In the realm of algorithmic trading, technical analysis plays a pivotal role in deciphering market trends and making informed investment decisions. One of the fundamental tools employed in technical analysis is the Simple Moving Average (SMA). The SMA calculates the average price of an asset over a specific period, providing a smoothed representation of its price movement.

Lumibot, a powerful Python library, simplifies the process of retrieving historical price data and applying technical analysis techniques. In this blog post, we will delve into how to effectively use Lumibot’s get_historical_prices function to obtain historical price data for an asset and subsequently calculate its Simple Moving Average.

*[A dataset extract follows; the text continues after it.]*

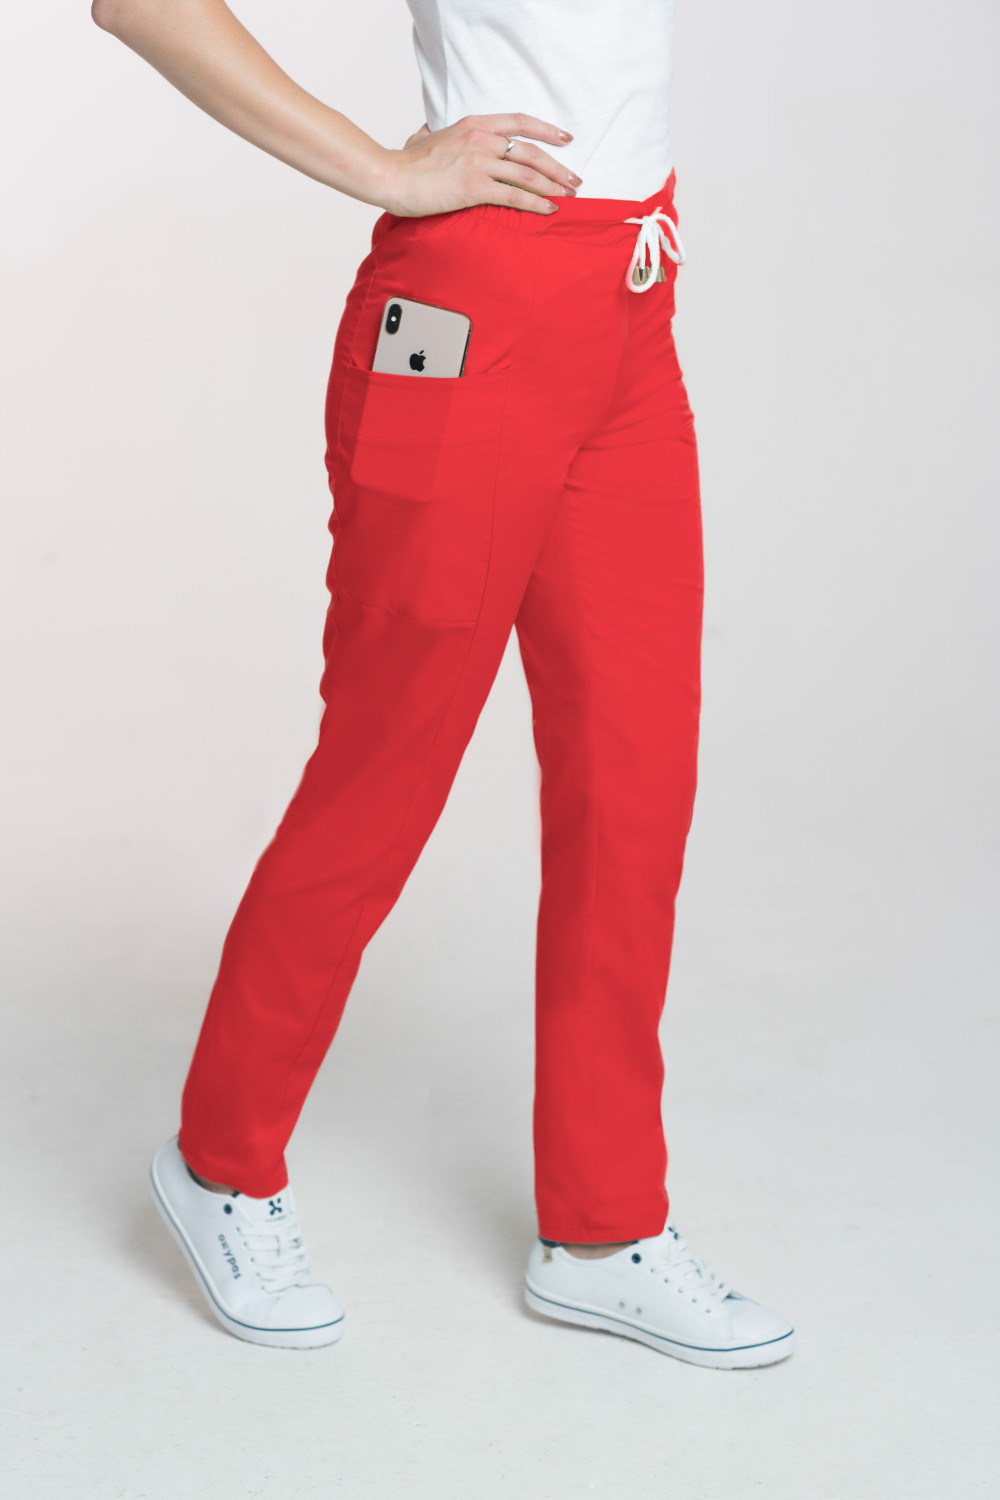 Spodnie kosmetyczne damskie M-200 - czerwone

Leveraging SMA for Effective Trading Strategies

The Simple Moving Average (SMA) is a versatile technical indicator that can be used to create various trading strategies. Here are five pointers on how to incorporate SMA into your trading bot:

1. Trend Following Strategies:

  • Identify Uptrends: When the price consistently trades above the SMA, it suggests an uptrend. This indicates that the asset’s price is likely to continue rising. Your trading bot can use this signal to enter long positions.
  • Identify Downtrends: Conversely, if the price consistently trades below the SMA, it suggests a downtrend, indicating a potential price decline. Your bot can use this signal to enter short positions.

Example: A trading bot might use a 50-day SMA and a 200-day SMA. If the 50-day SMA consistently trades above the 200-day SMA, it could indicate a bullish trend, prompting the bot to enter a long position.

2. Crossover Strategies:

  • Golden Cross: A crossover occurs when a shorter-term SMA (e.g., 50-day) crosses above a longer-term SMA (e.g., 200-day). This is often interpreted as a bullish signal, suggesting a potential uptrend.
  • Death Cross: A crossover occurs when a longer-term SMA crosses below a shorter-term SMA. This is often interpreted as a bearish signal, indicating a potential downtrend.

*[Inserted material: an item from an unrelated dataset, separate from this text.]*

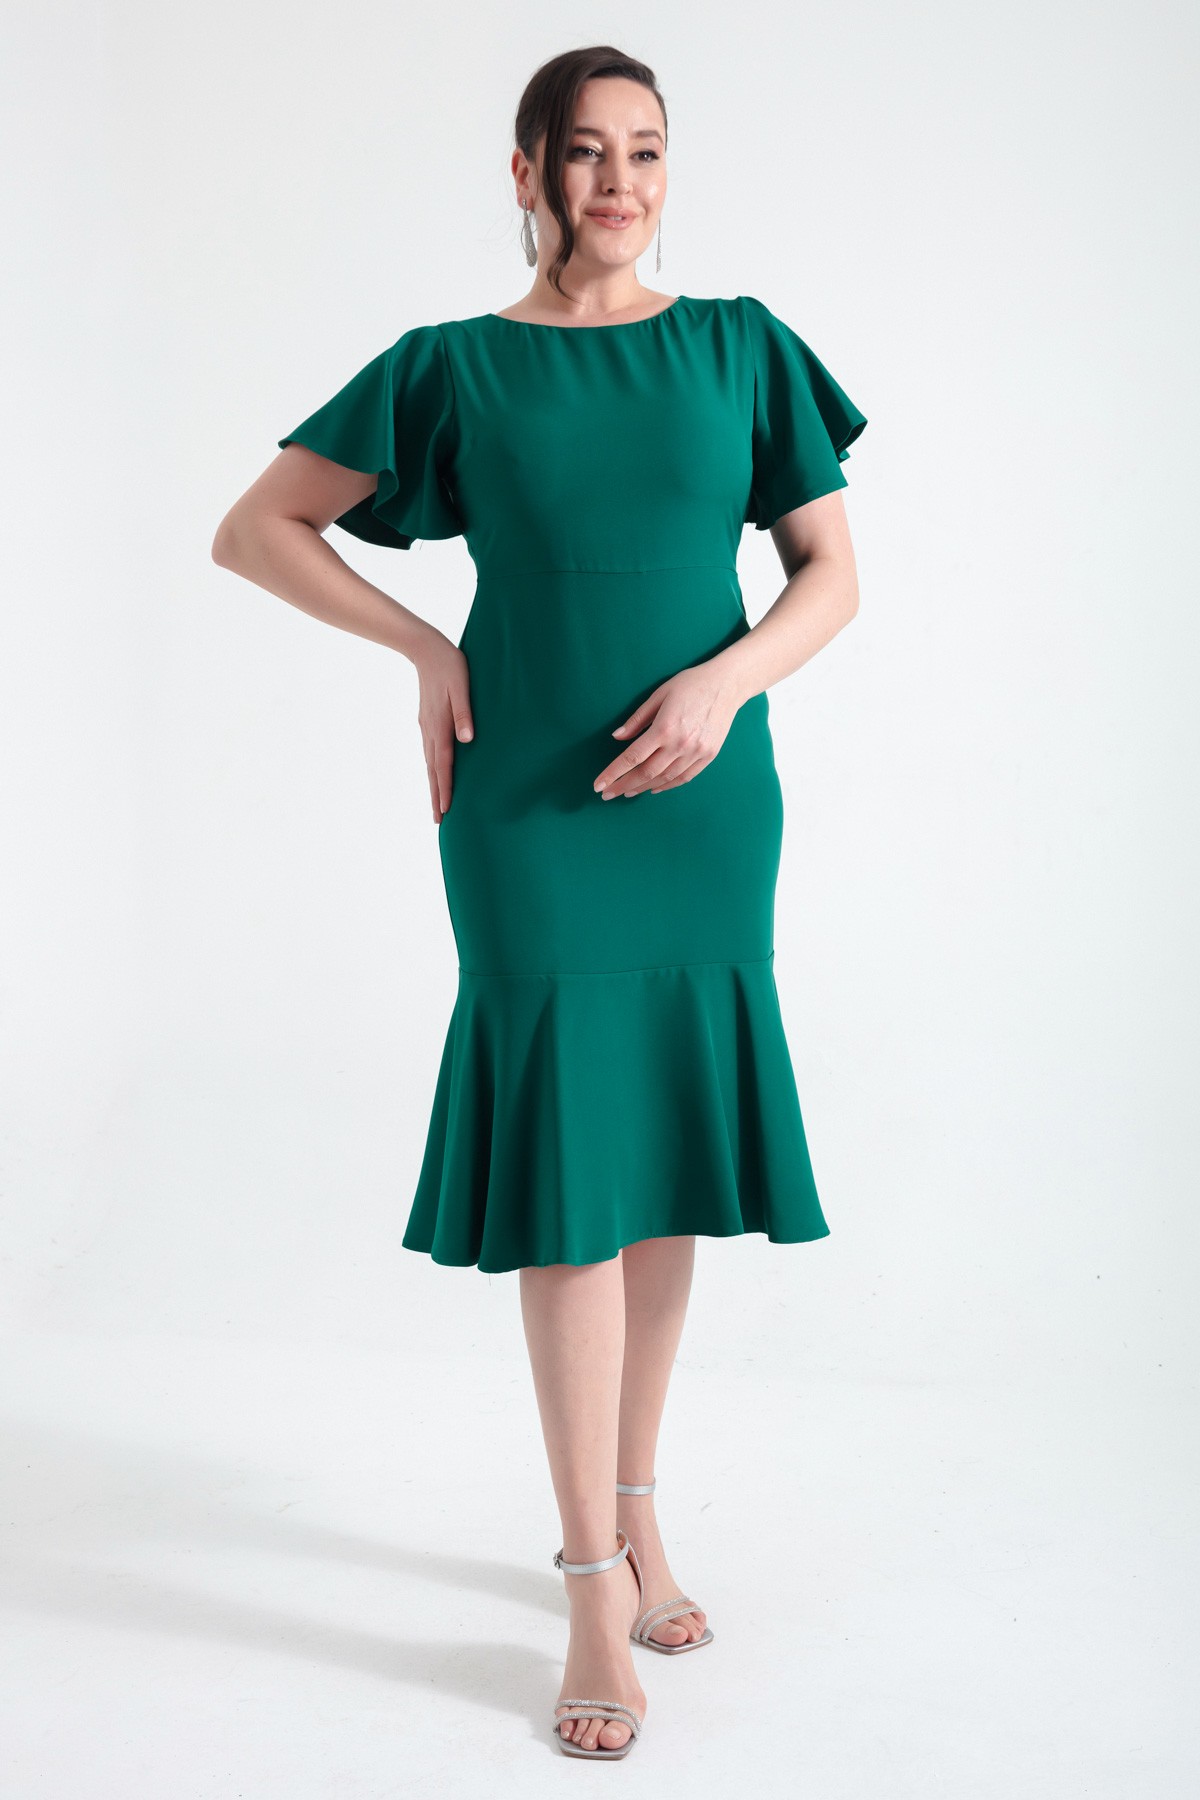 Kadın Büyük Beden Volanlı Elbise - Zümrüt Yeşili

Example: A trading bot might use a 50-day SMA and a 200-day SMA. If the 50-day SMA crosses above the 200-day SMA (a Golden Cross), the bot could initiate a buy order, and if the 50-day SMA crosses below the 200-day SMA (a Death Cross), the bot could initiate a sell order.

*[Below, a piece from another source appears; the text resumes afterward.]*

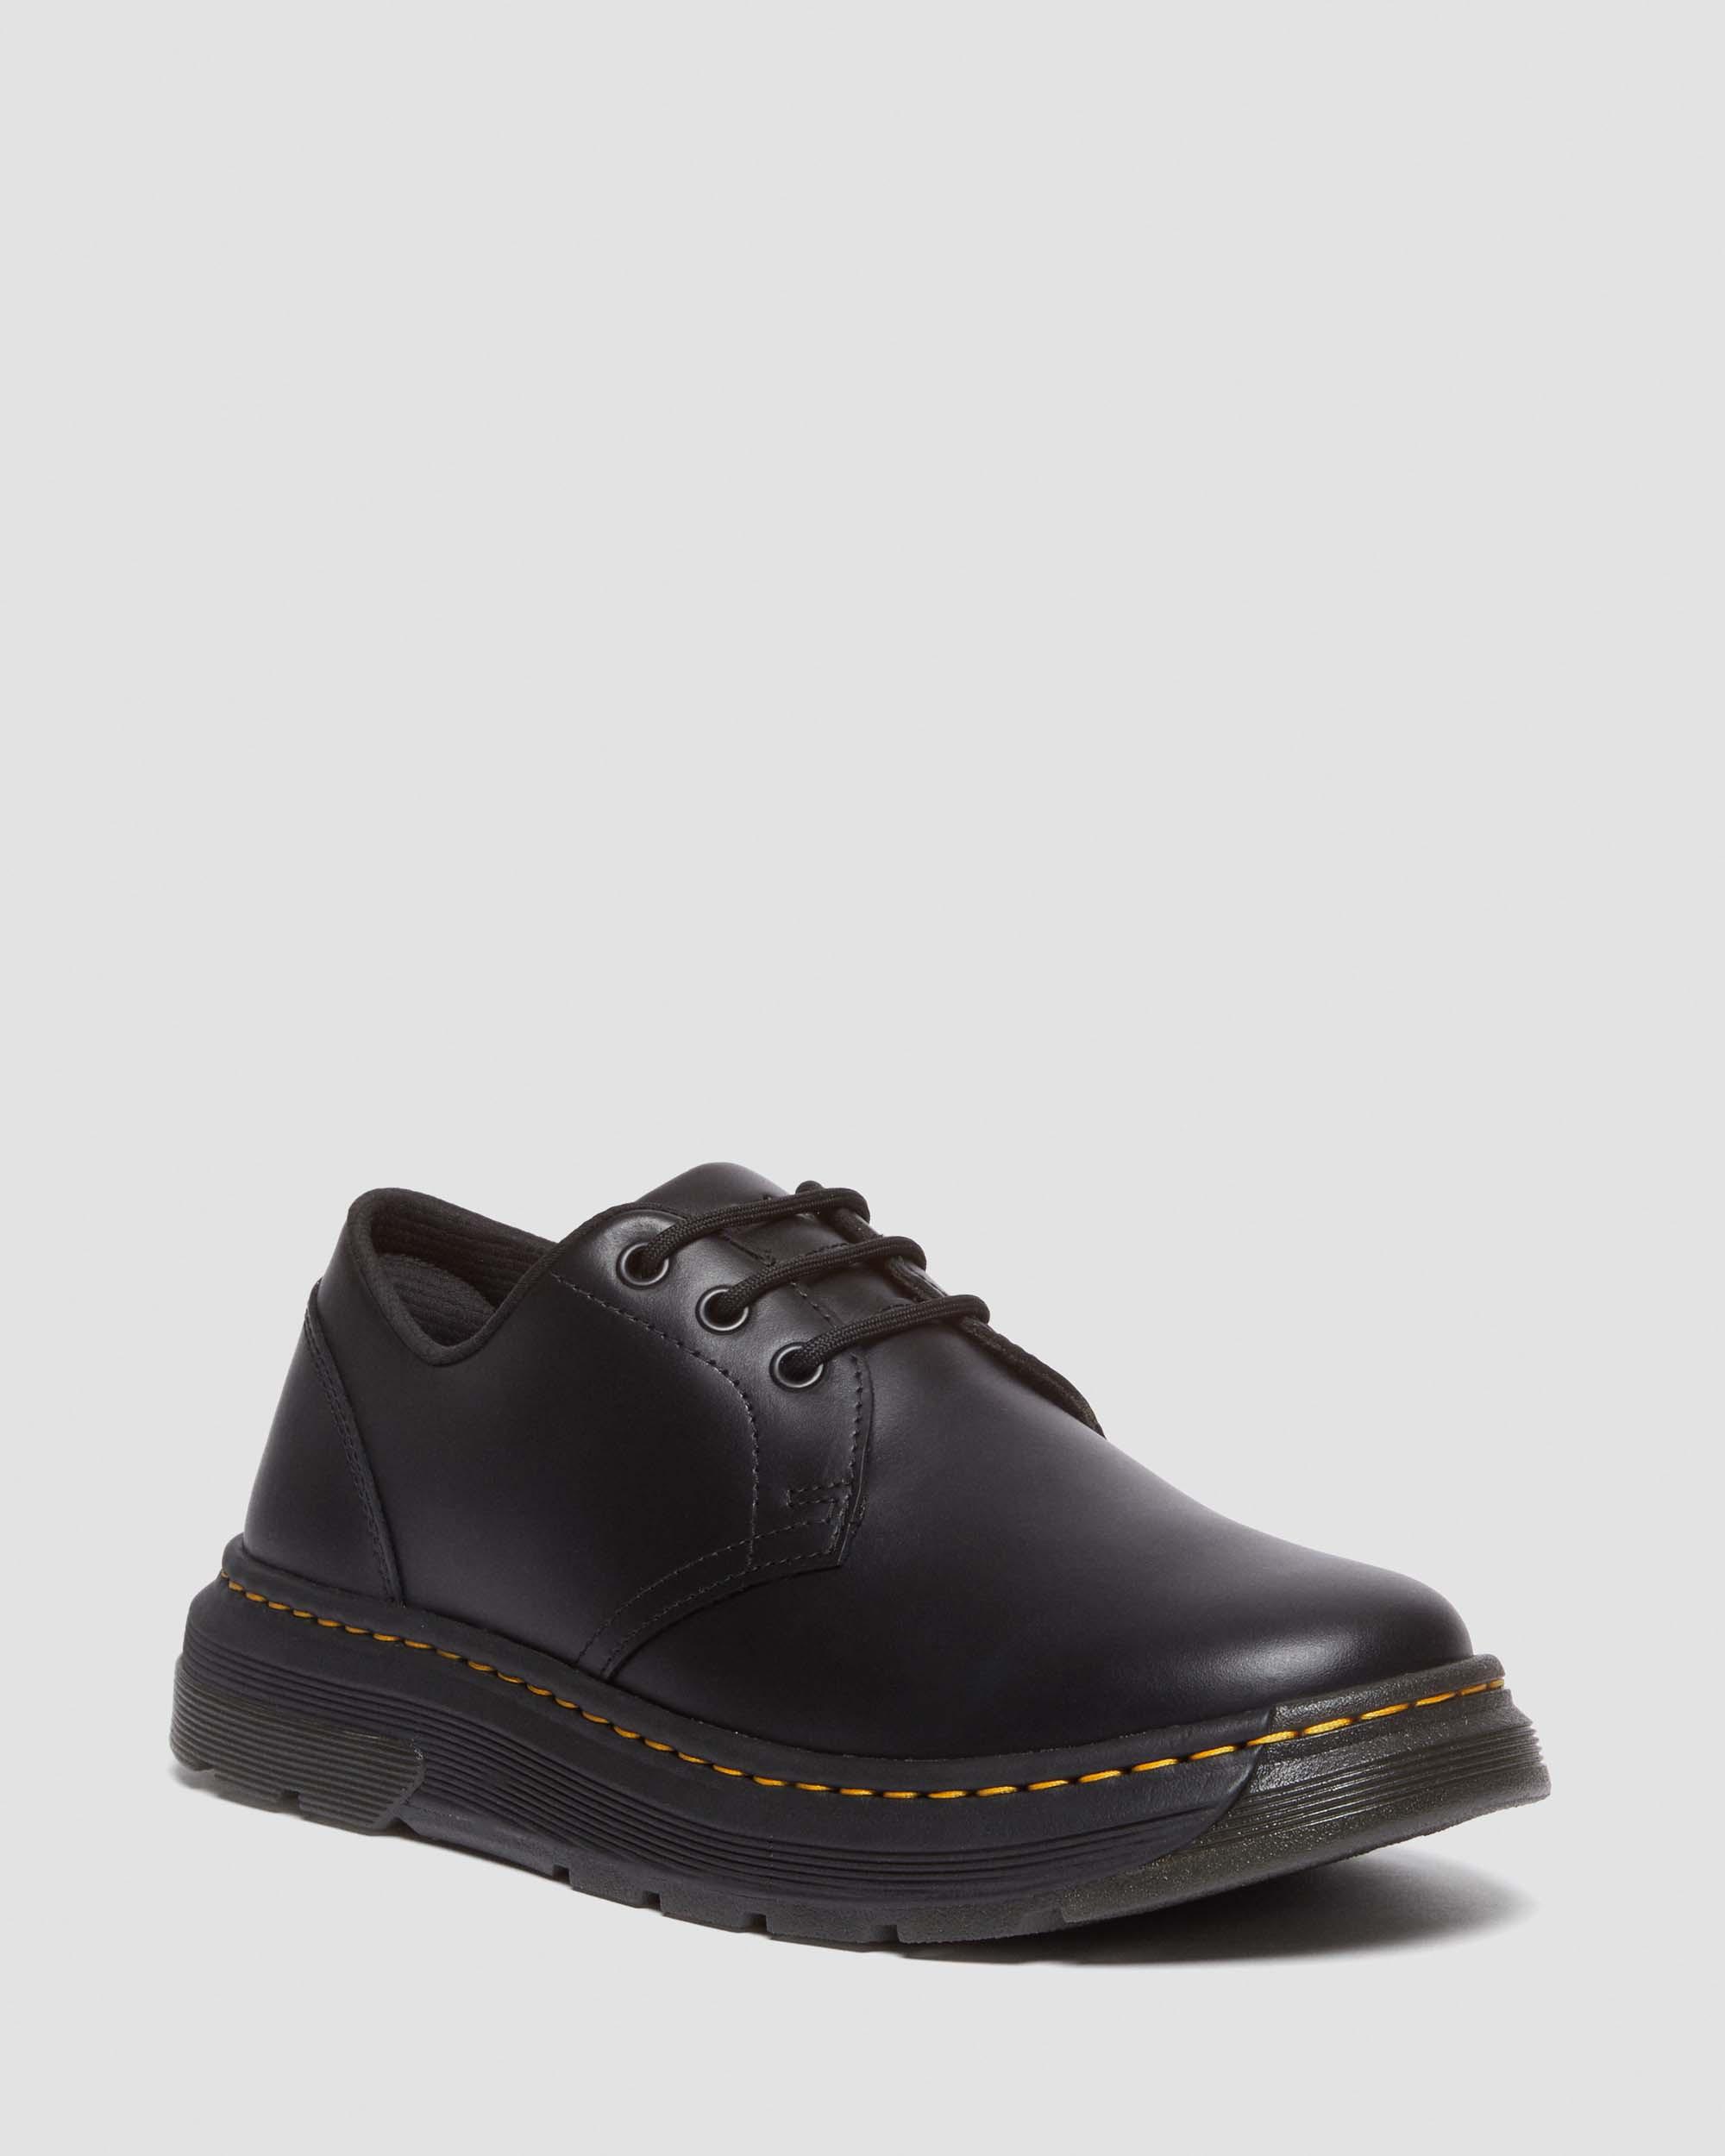 Crewson Lo-skor i svart läder

3. Mean Reversion Strategies:

  • Identify Overbought/Oversold Conditions: When the price deviates significantly from the SMA, it might indicate an overbought or oversold condition. An overbought condition suggests that the price is likely to fall, while an oversold condition suggests a potential price increase.
  • Trading Signals: Your bot can use these signals to sell when the price is overbought and buy when the price is oversold, assuming that prices will eventually return to the average level.

Example: A trading bot might calculate the percentage difference between the current price and the 200-day SMA. If the difference is significantly positive (e.g., above 3 standard deviations), it might indicate an overbought condition, prompting the bot to sell.

4. Support and Resistance Strategies:

  • Support Level: The SMA can act as a support level, especially during downtrends. If the price reaches the SMA and then bounces back up, it might signal a potential buying opportunity.
  • Resistance Level: The SMA can also act as a resistance level, especially during uptrends. If the price reaches the SMA and then fails to break through, it might indicate a potential selling opportunity.

Example: A trading bot might monitor the price’s relationship to the 200-day SMA. If the price consistently tests the 200-day SMA as a support level during a downtrend and then bounces back up, the bot could initiate a buy order.

5. Combining SMA with Other Indicators:

  • Enhanced Signal Reliability: Combining SMA with other technical indicators can help to improve the accuracy and reliability of trading signals.

Example: Combining SMA with the Relative Strength Index (RSI) can help to identify overbought and oversold conditions more effectively. If the price is above the SMA and the RSI is near the overbought level, it might suggest a potential sell signal.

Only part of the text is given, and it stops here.